- _TASK DESCRIPTION_
Only the lines from the one containing "Then and Now: 'Game" through the end of the material should be printed, exactly as they appear. Leave out pictures.

- _SOURCE DATA_
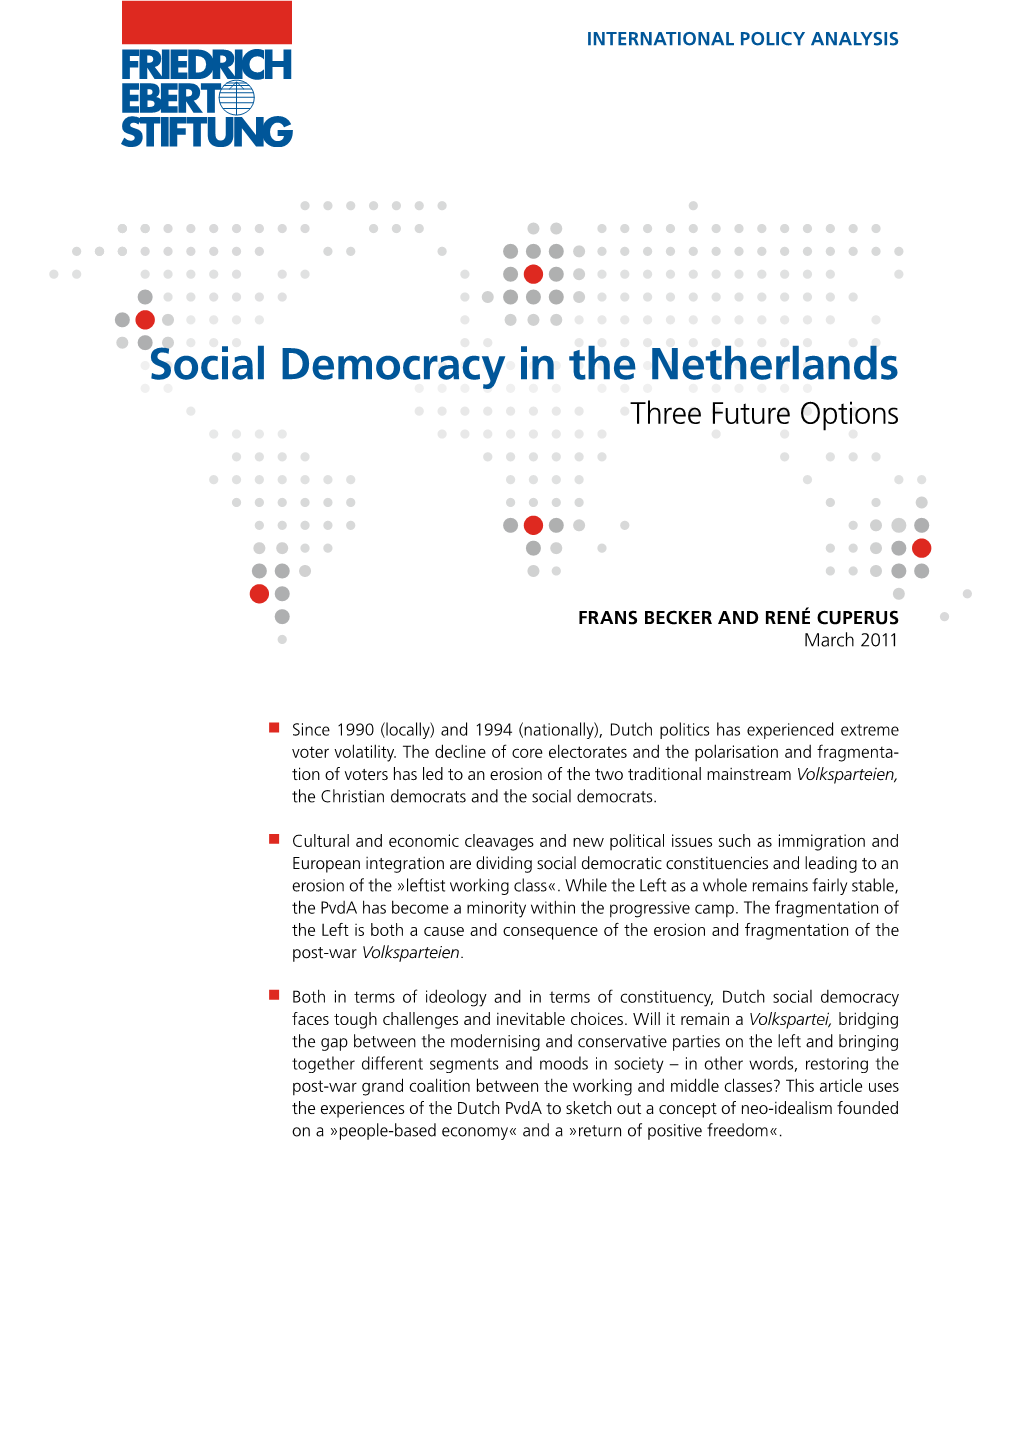 Social Democracy in the Netherlands Three Future Options
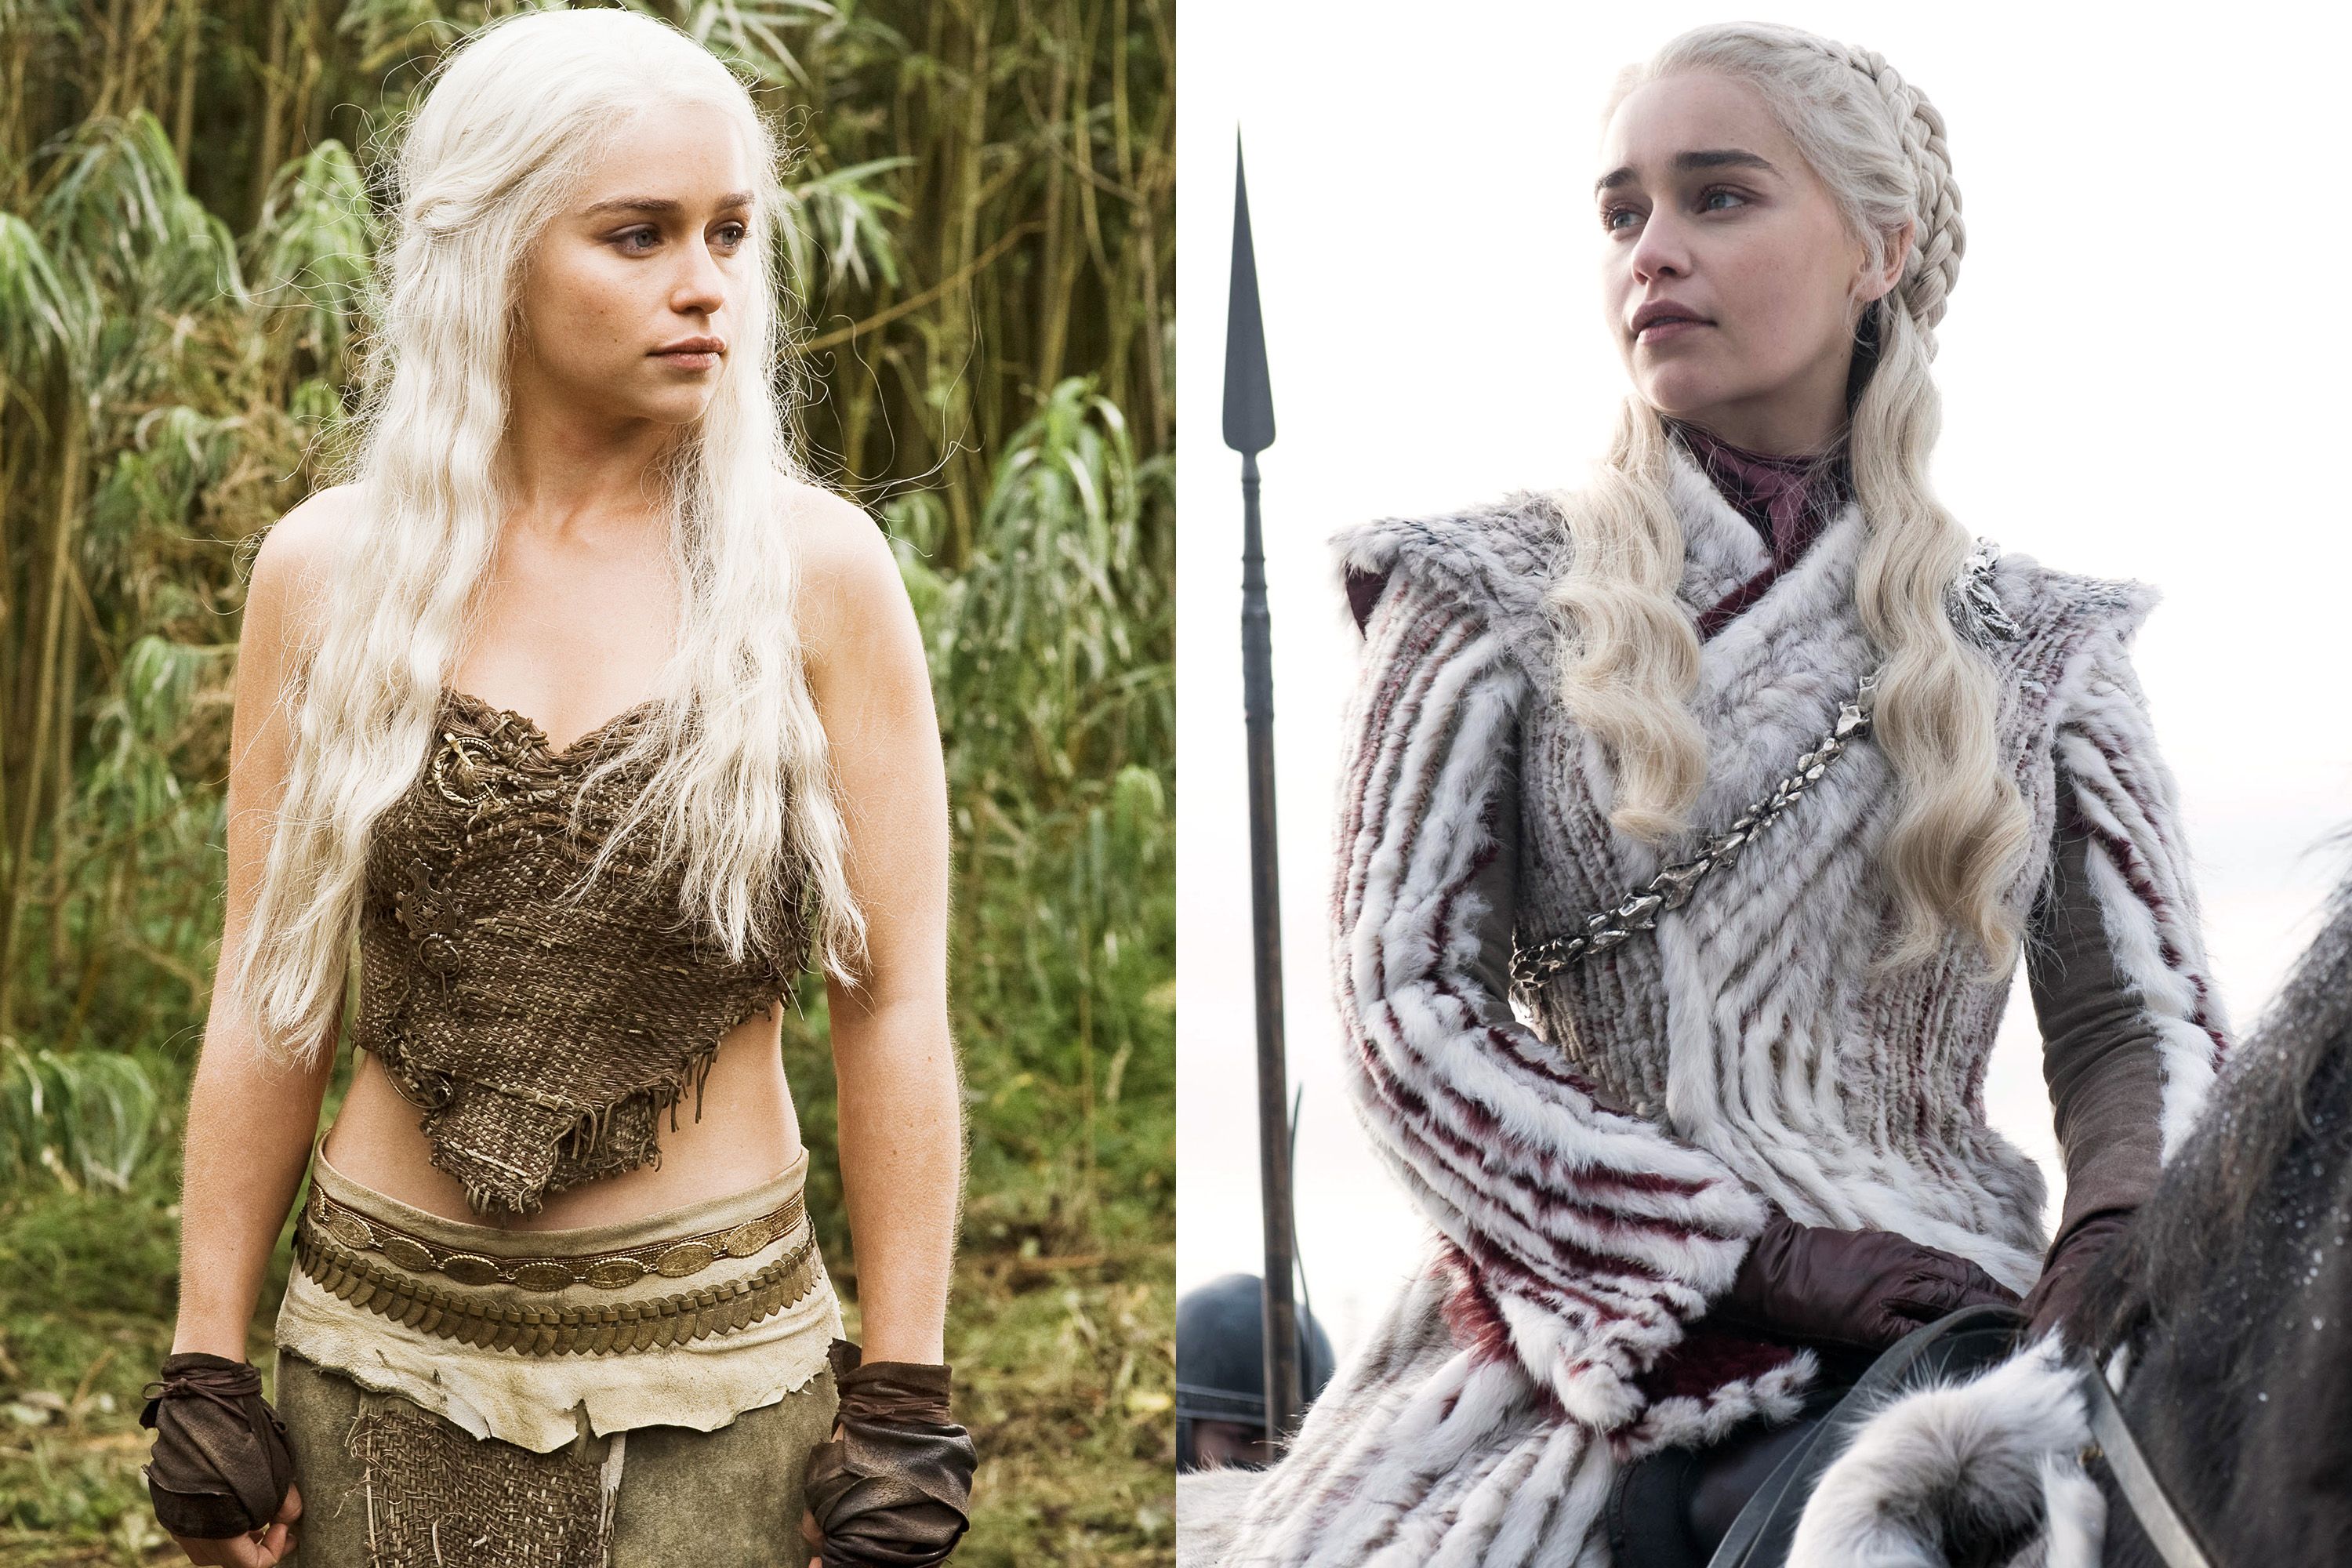 Then and Now: 'Game of Thrones' Characters From Season One
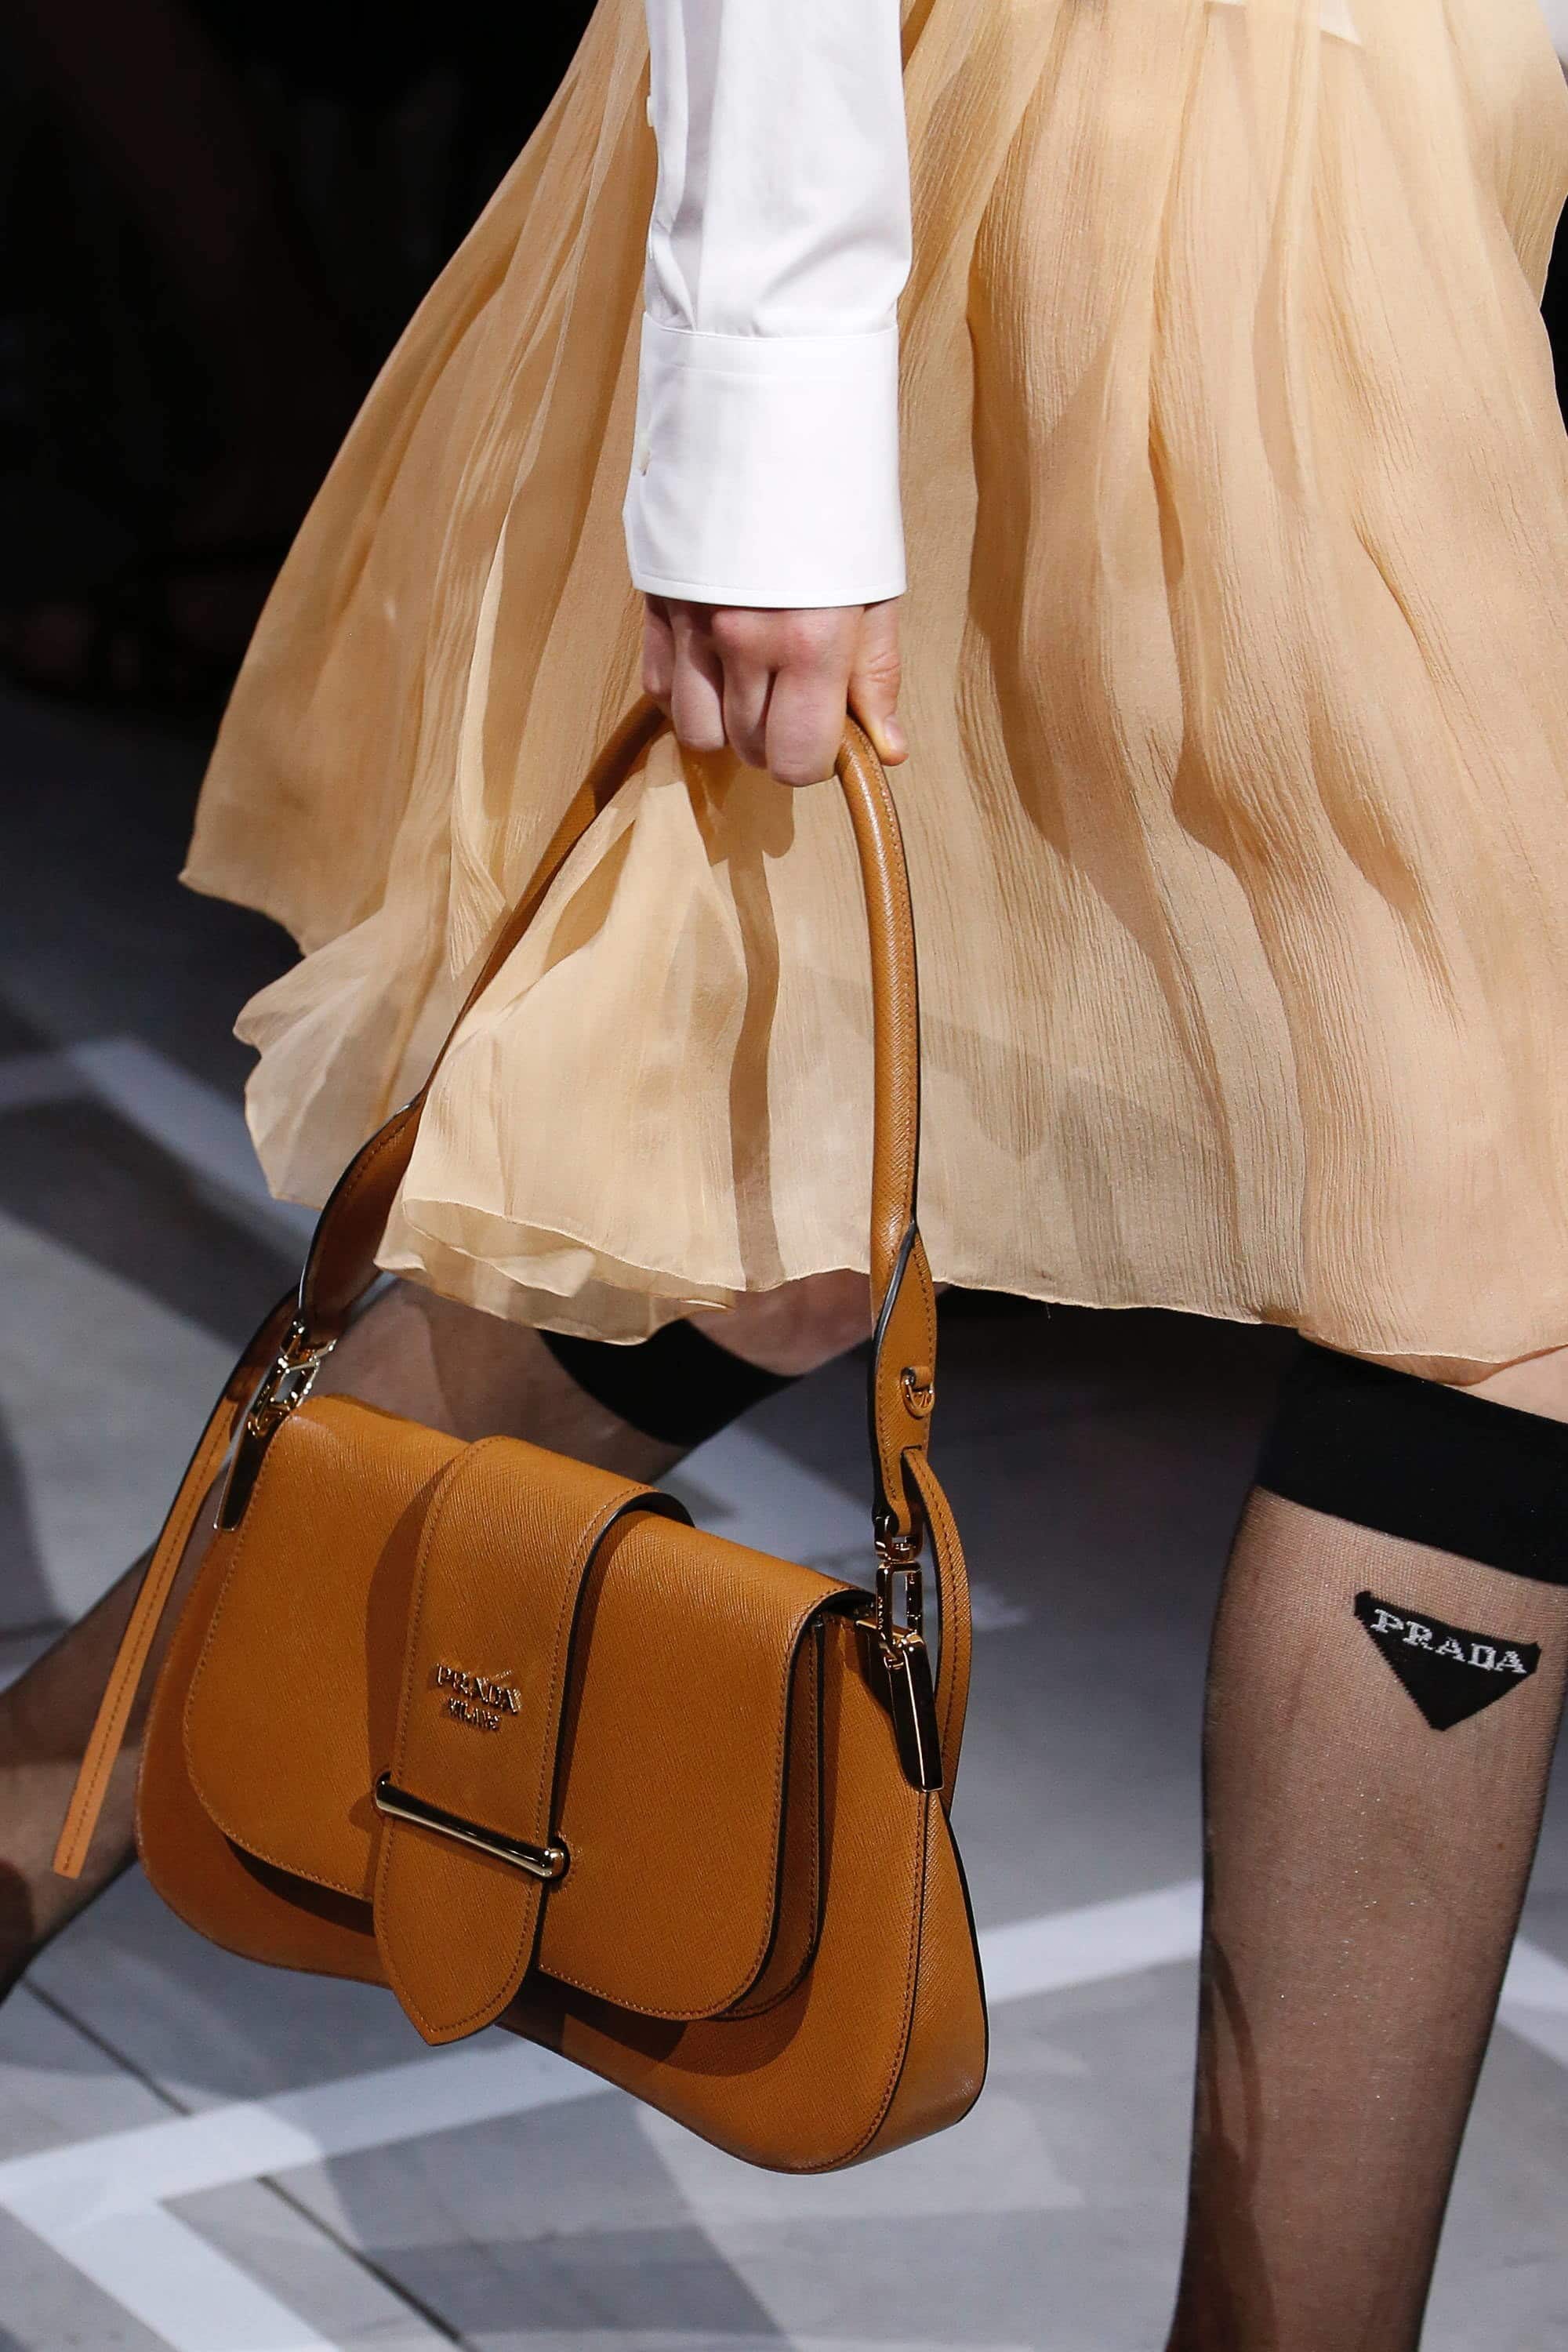 Prada Spring/Summer 2022 Runway Bags Collection - Spotted Fashion

- _ANSWER TO THIS TASK_
 Then and Now: 'Game of Thrones' Characters From Season One
 Prada Spring/Summer 2022 Runway Bags Collection - Spotted Fashion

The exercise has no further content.